_RECORDED DATA_:
*****

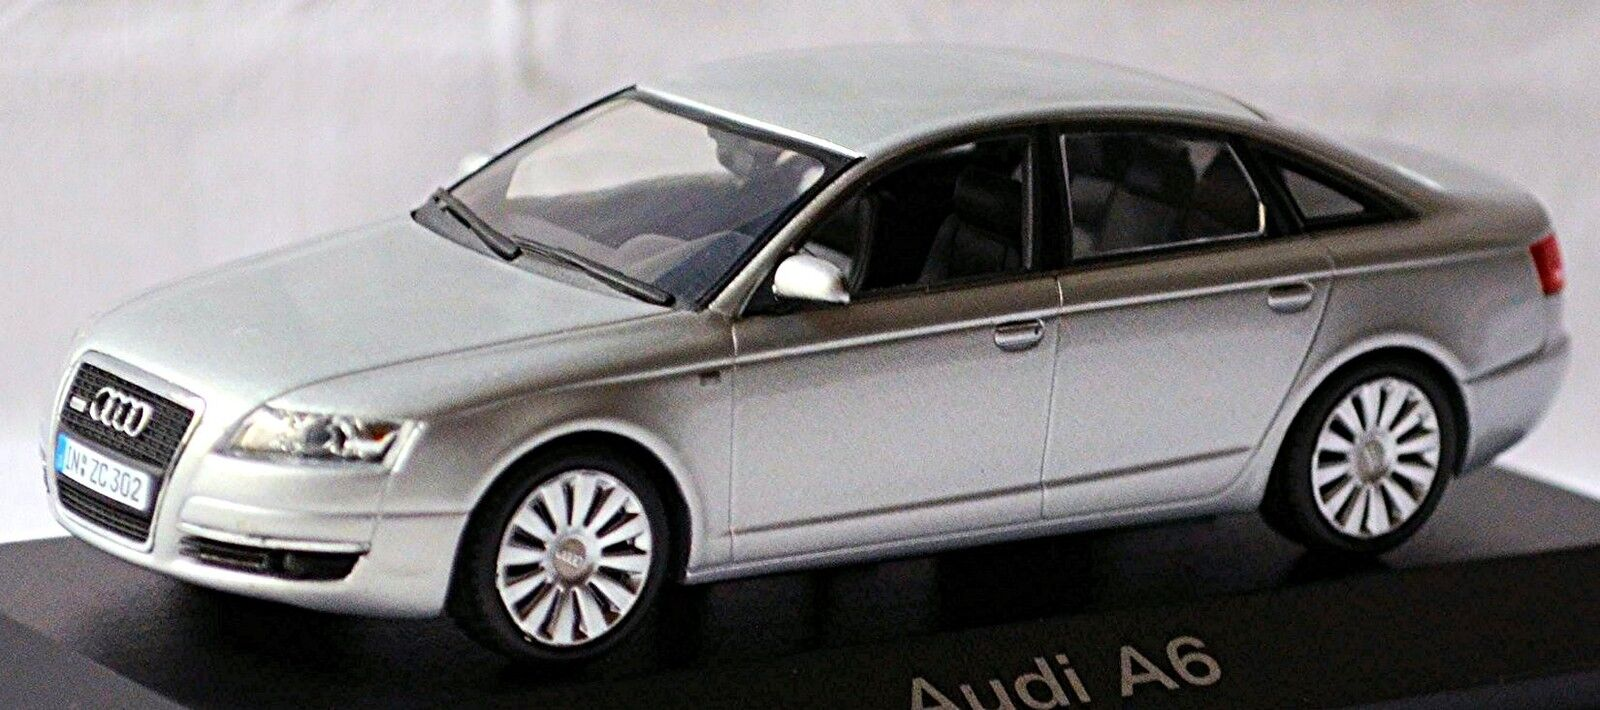 Audi A6 Sedán C6 Tipo  4f 2004-08 Luz Plateada plata Metálico 1 43
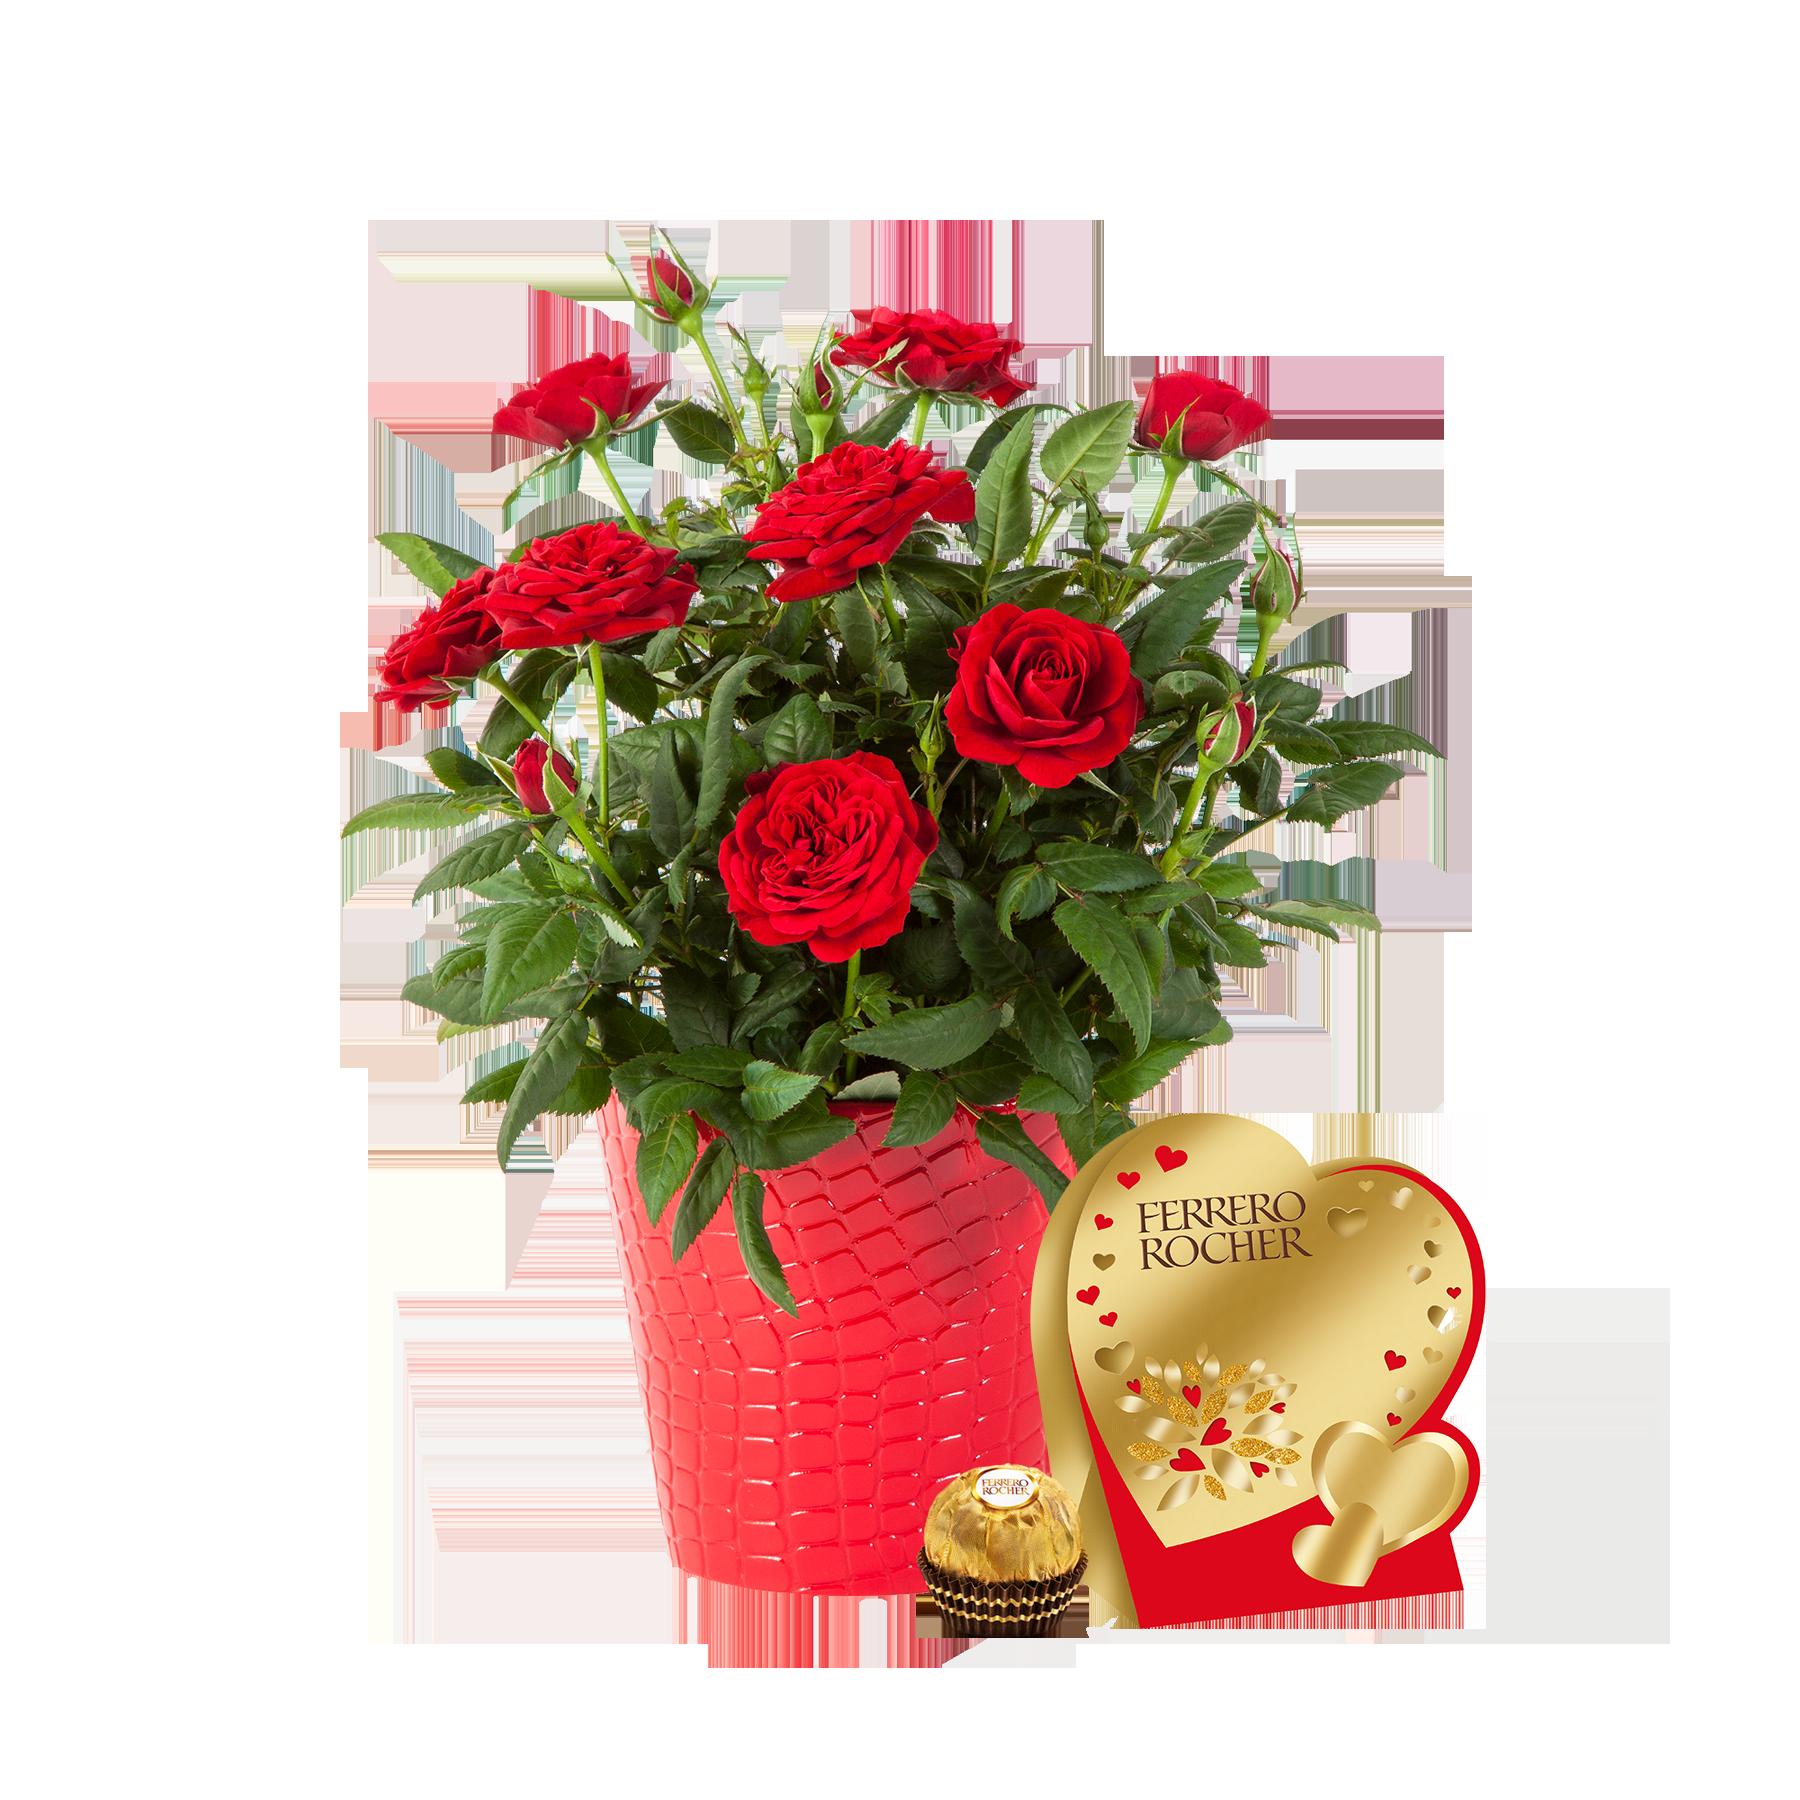 Topfrose in Rot mit Ferrero Rocher Herz
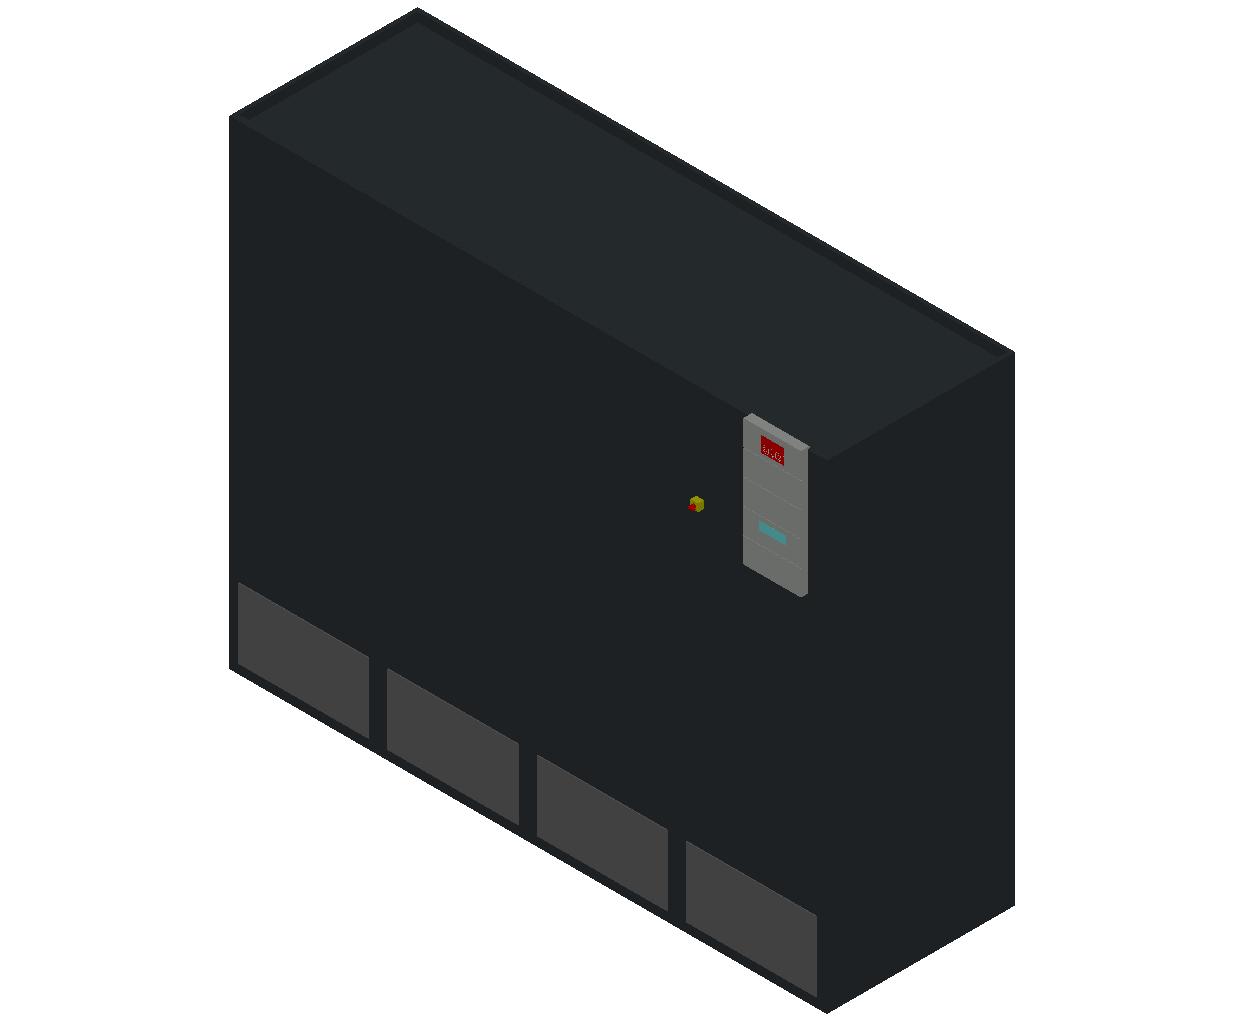 HC_Air Conditioner_Indoor Unit_MEPcontent_STULZ_CyberAir 3PRO_ALR_Dual Circuit GES_ALR_1302_GES_INT-EN.dwg

*****

_EXERCISE REQUIREMENTS_:
When you restate the listing, keep every word as it is and drop the pictures.

_SOLUTION FOR THIS TASK_:
 Audi A6 Sedán C6 Tipo  4f 2004-08 Luz Plateada plata Metálico 1 43
 Topfrose in Rot mit Ferrero Rocher Herz
 HC_Air Conditioner_Indoor Unit_MEPcontent_STULZ_CyberAir 3PRO_ALR_Dual Circuit GES_ALR_1302_GES_INT-EN.dwg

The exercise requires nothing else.